§ **PROBLEM TO SOLVE**: Make an exact copy of all the data, pictures excluded.

*** RAW DATA Section Begins ***

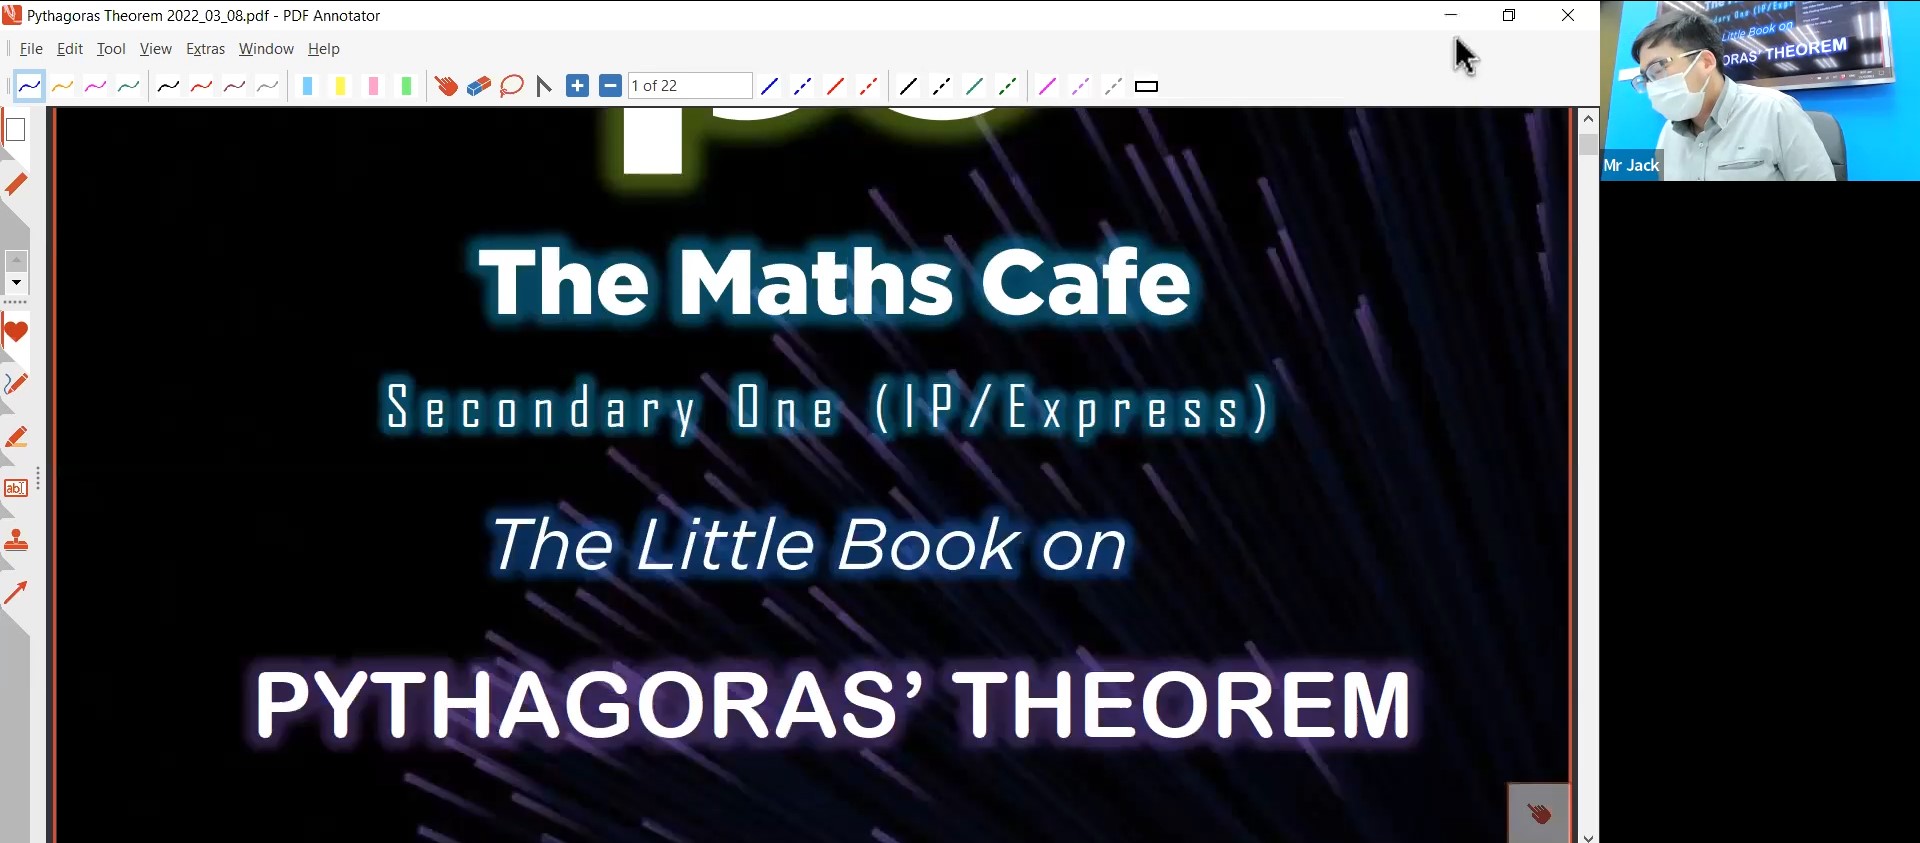 23. Pythagoras Theorem [2022] - MJ
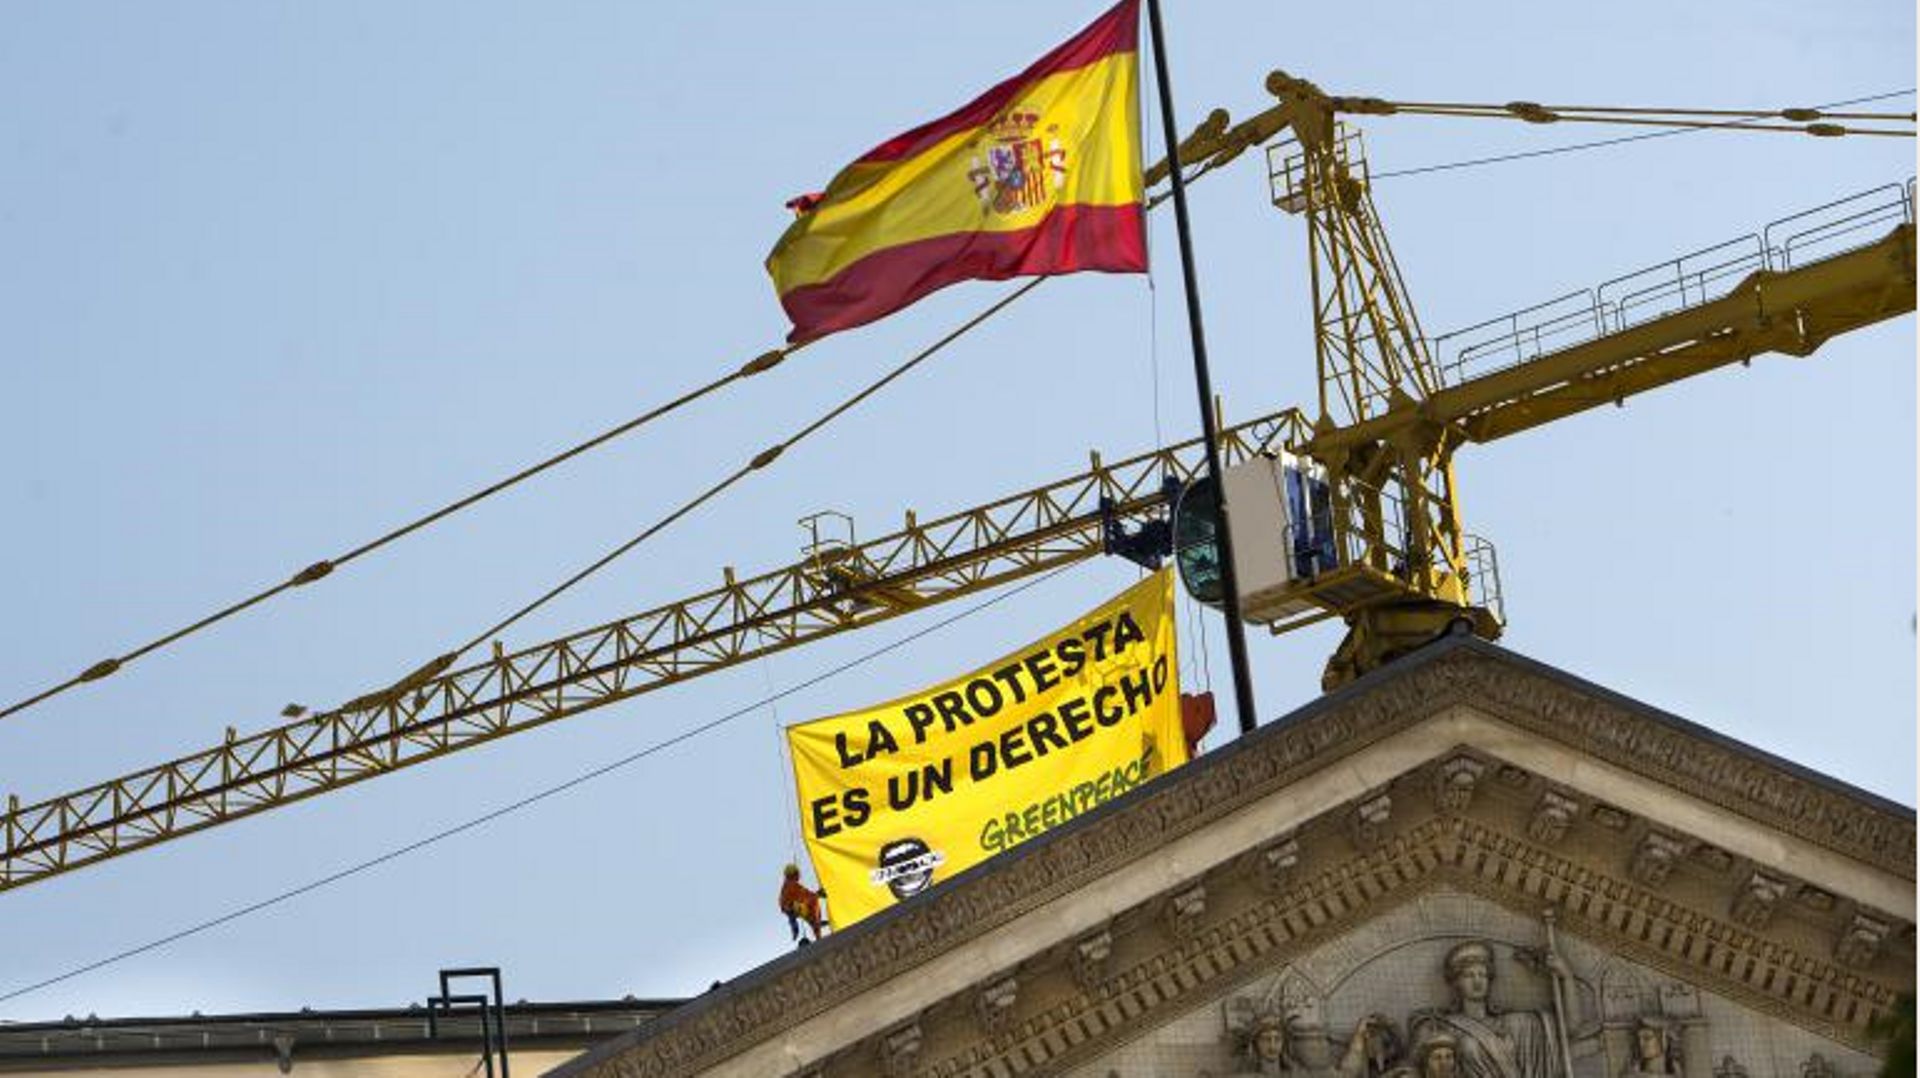 

"Manifester est un droit." Des militants de Greenpeace déploient une banderole à Madrid ce 30 juin 2015 à quelques heures de l'entrée en vigueur de la polémique loi de sécurité citoyenne, appelée "ley mordaza" (loi bâillon). 

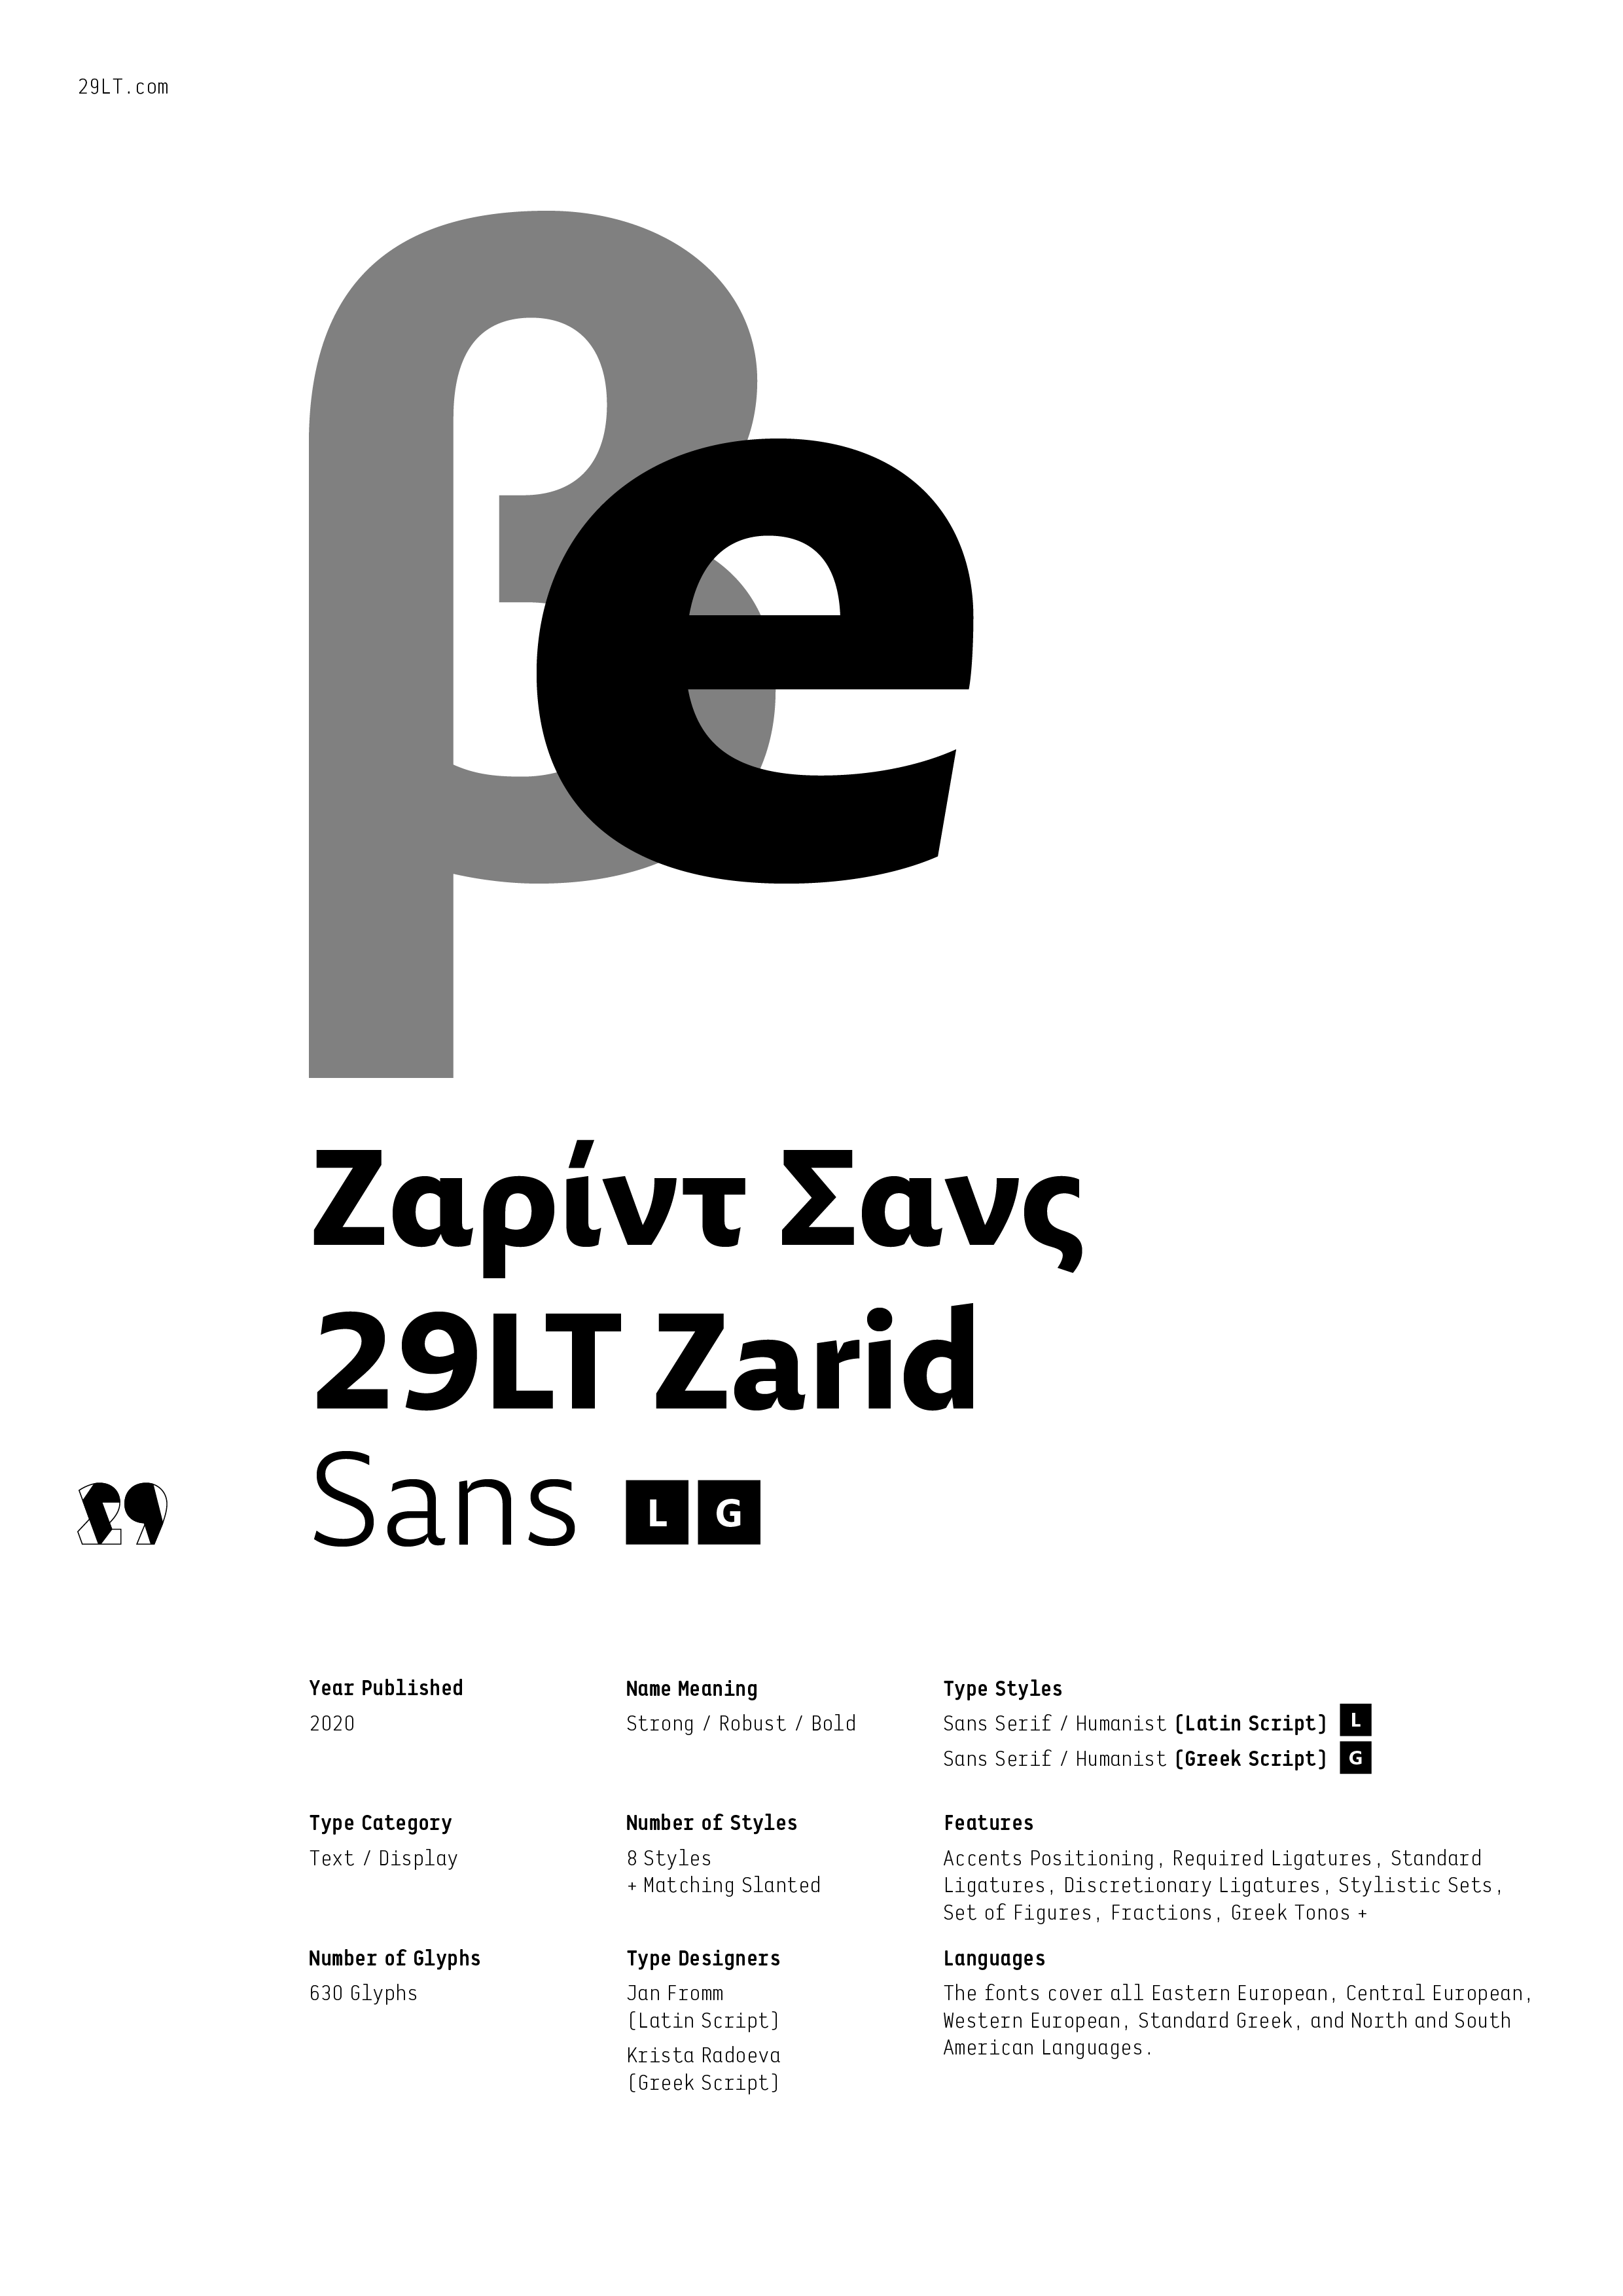 29LT Zarid Sans LG-PDF1
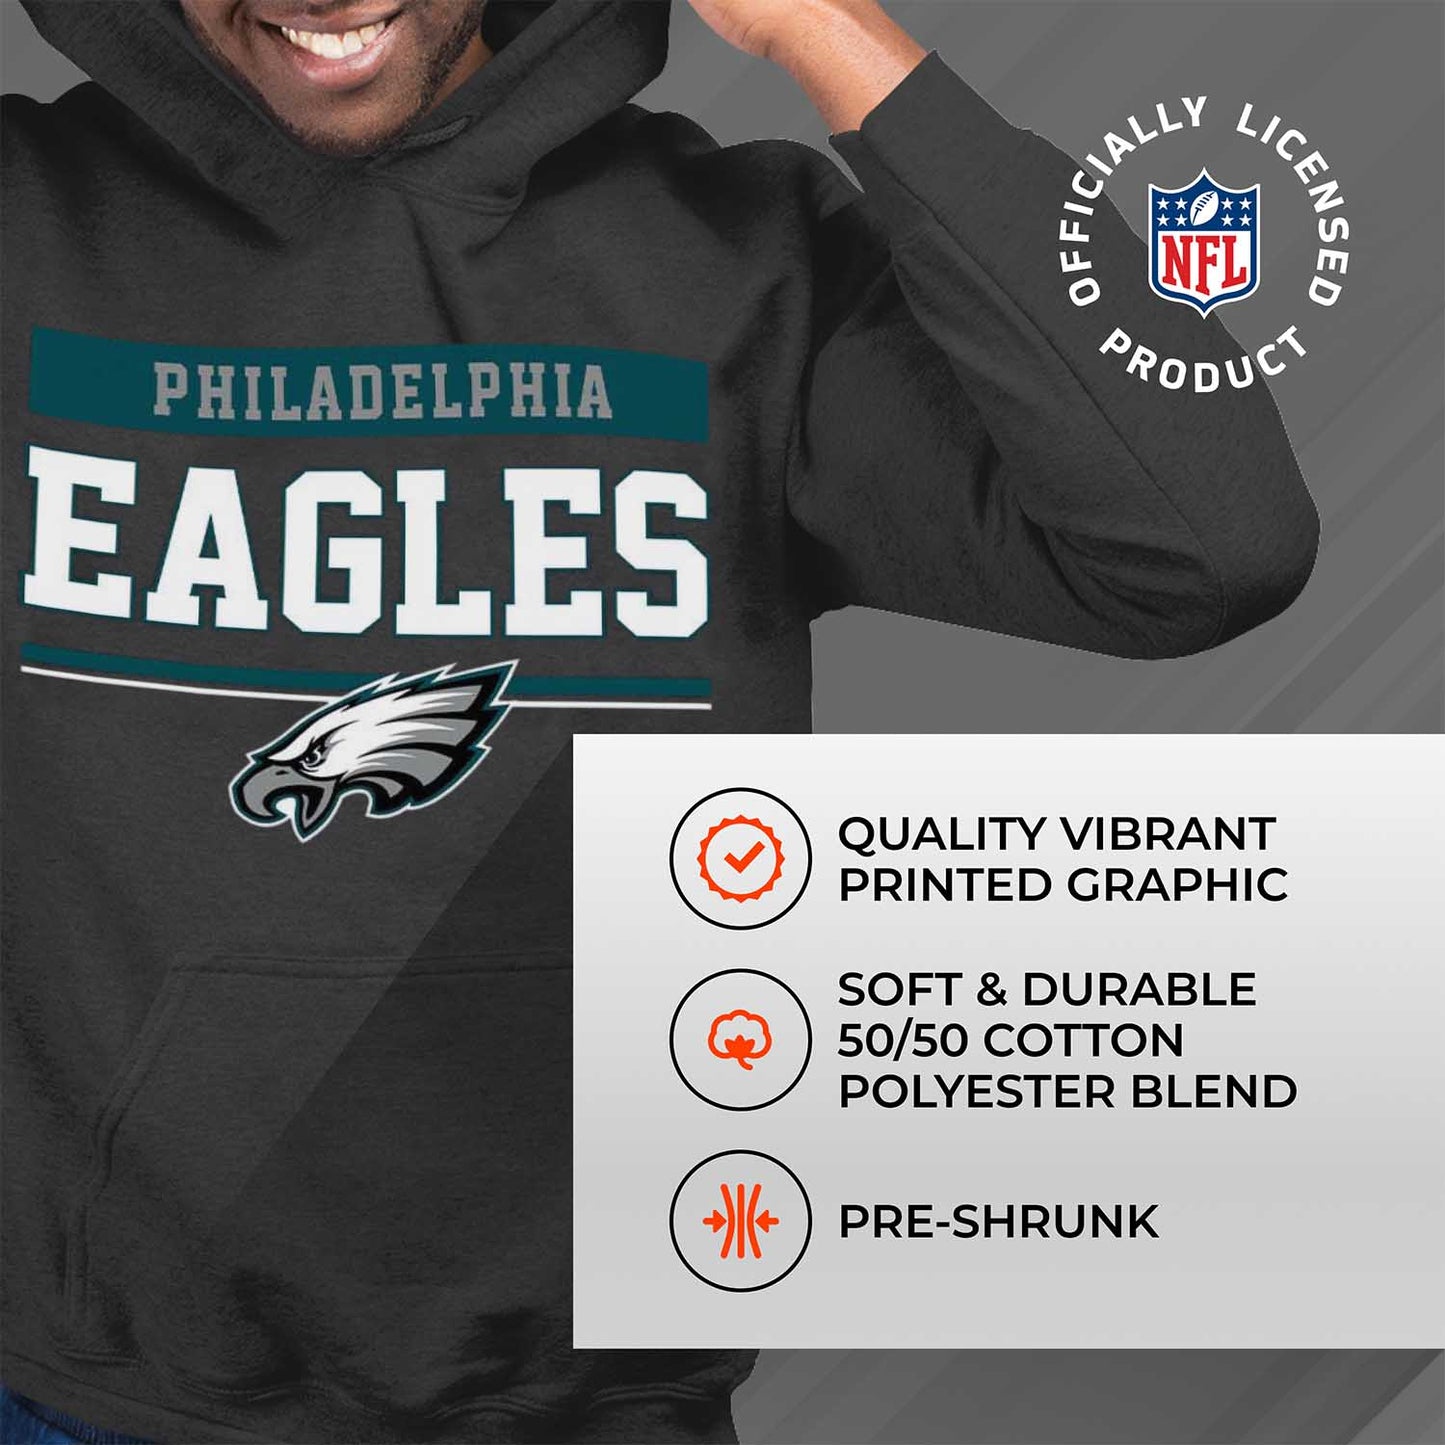 Philadelphia Eagles NFL Adult Gameday Charcoal Hooded Sweatshirt - Charcoal

*** RAW DATA Section Ends ***

§ **EXERCISE RESPONSE**:
 23. Pythagoras Theorem [2022] - MJ

"Manifester est un droit." Des militants de Greenpeace déploient une banderole à Madrid ce 30 juin 2015 à quelques heures de l'entrée en vigueur de la polémique loi de sécurité citoyenne, appelée "ley mordaza" (loi bâillon). 

 29LT Zarid Sans LG-PDF1
 Philadelphia Eagles NFL Adult Gameday Charcoal Hooded Sweatshirt - Charcoal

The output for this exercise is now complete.